In the second case, only some women will suffer – those whose invitations fell within the delay period – as they are not offered the opportunity to catch up. Their next screening will happen only after 3 or 5 years, depending on their age group. This will affect half the total number of women screened in a year.
Impact of these scenarios
The current study uses mathematical modeling to understand the impact of both these approaches on women between 25 and 64 years of age in terms of cervical cancer incidence in England. This was used to estimate the total number of women with such conditions who were not diagnosed because of delayed screening, after adjusting for the protective effect of three rounds of vaccination on women aged 25 to 34 years.
Abolishing screening for the whole group would lead to a loss of screening for about 10.7 million women, versus 1.5 million women if only the women whose turns came during the pandemic period were affected. Though these numbers appear vastly different, the number of women who developed cancer in excess of that which would be expected with regular screening hovered around 630 in both scenarios. This comes to about 4 cases in addition to the typical count per screening cycle per 1,00,000 women.
Missed screening cycles associated with 7-Fold cancer risk
When stratified by age, the excess cancer diagnoses are found to be highest in the 40-49-year age group, and least in the 25-34-year age group who have received vaccination against high-risk HPV strains.

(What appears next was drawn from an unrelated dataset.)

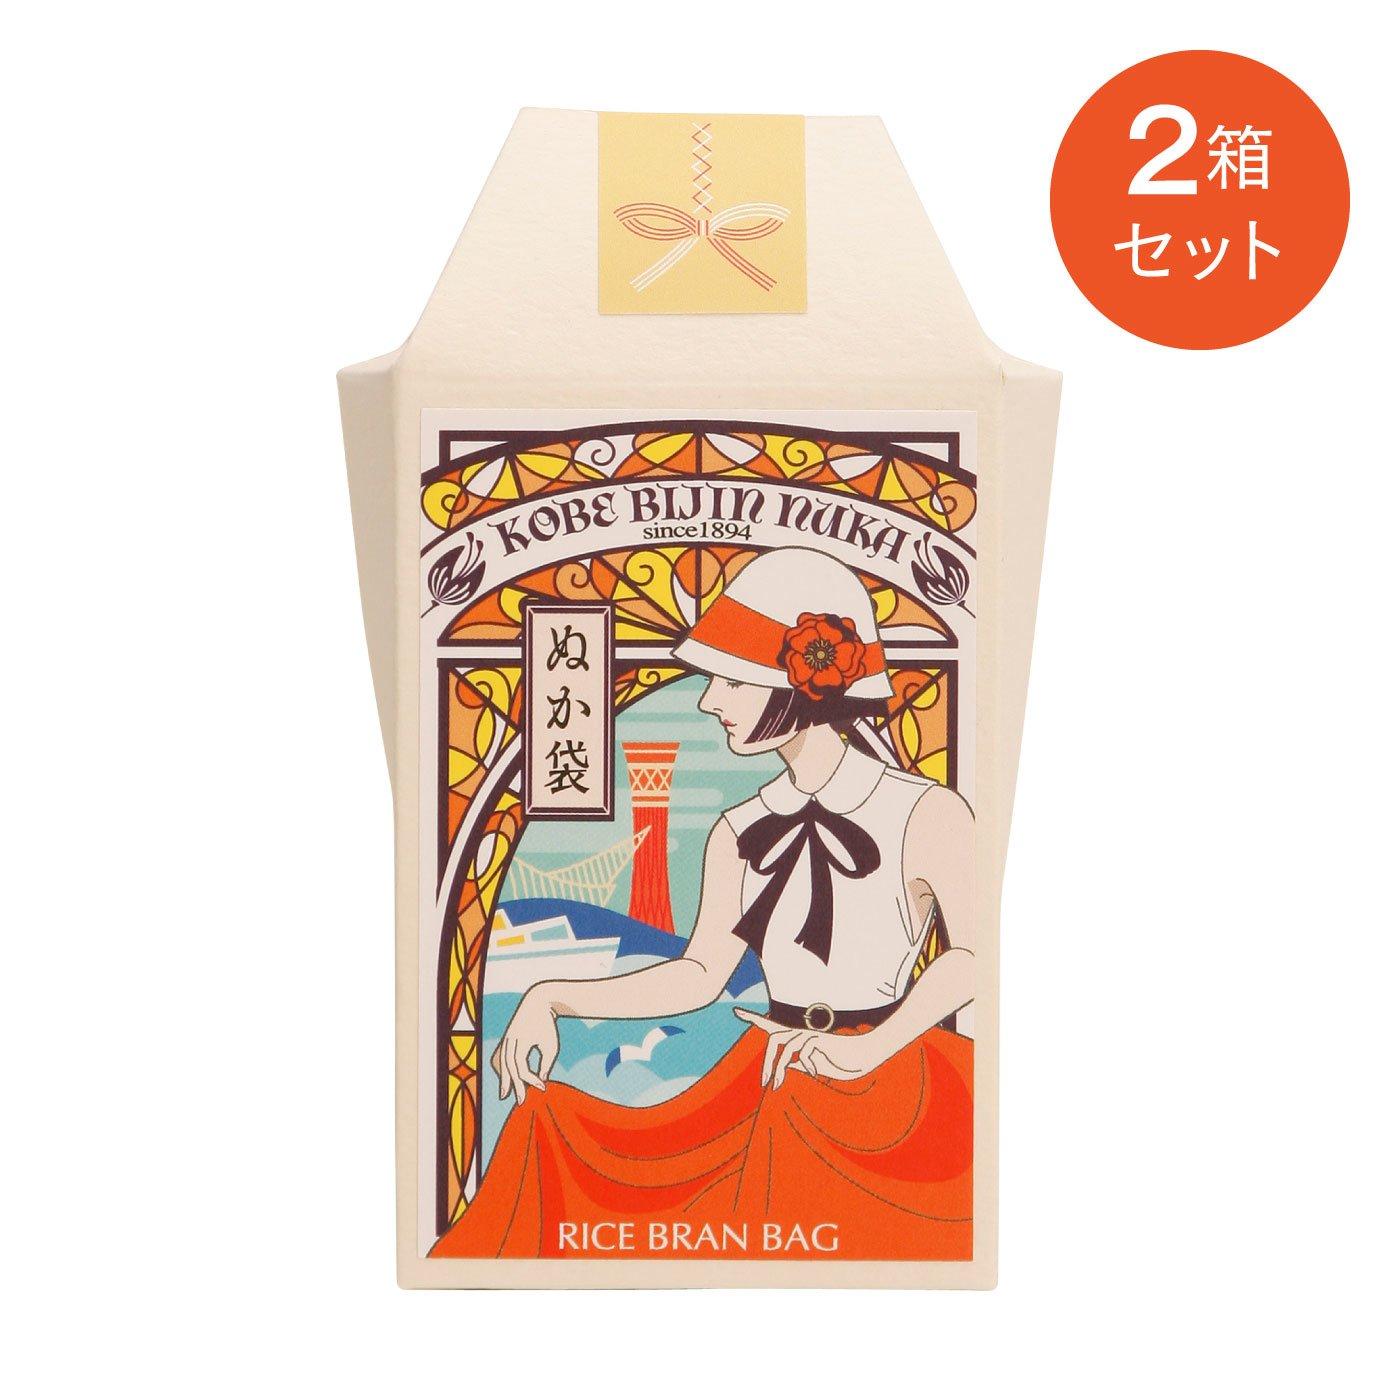 神戸美人ぬか つるつるすべすべ肌に磨く ぬか袋(ぬか袋タイプの洗身・洗顔料)〈2箱セット〉の会

The effect of the interruption in screening thus results, not in an absolute increase in the number of cancers, but in the distribution of these cases. The women who are forced to forego screening due to COVID-19-related restrictions bear the brunt of the additional risk, due to their CIN having far longer time to progress before its detection. This also means their cancers are likely to be more advanced at the time of detection.
In the second scenario, therefore, the risk of cancer would be seven times higher in a woman who missed the screening than if she was screened with a delay of 6 months. The rates of excess cancer would be 41.5 and 5.9 per 1,00,000 women, respectively.
The validation of these findings is complicated by the long latent period of cervical cancer, the expected rise in diagnoses with the initiation of HPV screening at the primary care level due to its increased sensitivity for this condition, relative to cytologic assessment. The researchers comment, “Evaluation of screening histories from women diagnosed with cervical cancer once screening services resume will provide the best evidence of the actual impact of 151 COVID-19 delays to cervical screening.”
What are the implications?
The researchers point out, “In the name of equity, therefore, our analysis calls for measures that ensure that women do not miss an entire screening round on account of the COVID-19 disruption, i.e. scenario 2 should be avoided and scenario 1 would be preferable.”
Though this would mean an increase in risk to a much larger number of women, it may be possible to boost screening capacity for a few months to catch up with the backlog and thus reduce the excessive risk over a shorter period. The obvious flaw in this strategy, as the investigators highlight, is the fact that HPV testing and COVID-19 testing use the same set of reagents, directly affecting reagent availability.
Nonetheless, this should be pursued as far as possible, and women whose appointments are overdue should be encouraged as far as possible to come in for early screening, to minimize the harm. This demands that they be first identified, a difficult enough task at the primary care level, but one which should be prioritized to ensure equitable distribution of care to this group.
medRxiv publishes preliminary scientific reports that are not peer-reviewed and, therefore, should not be regarded as conclusive, guide clinical practice/health-related behavior, or treated as established information.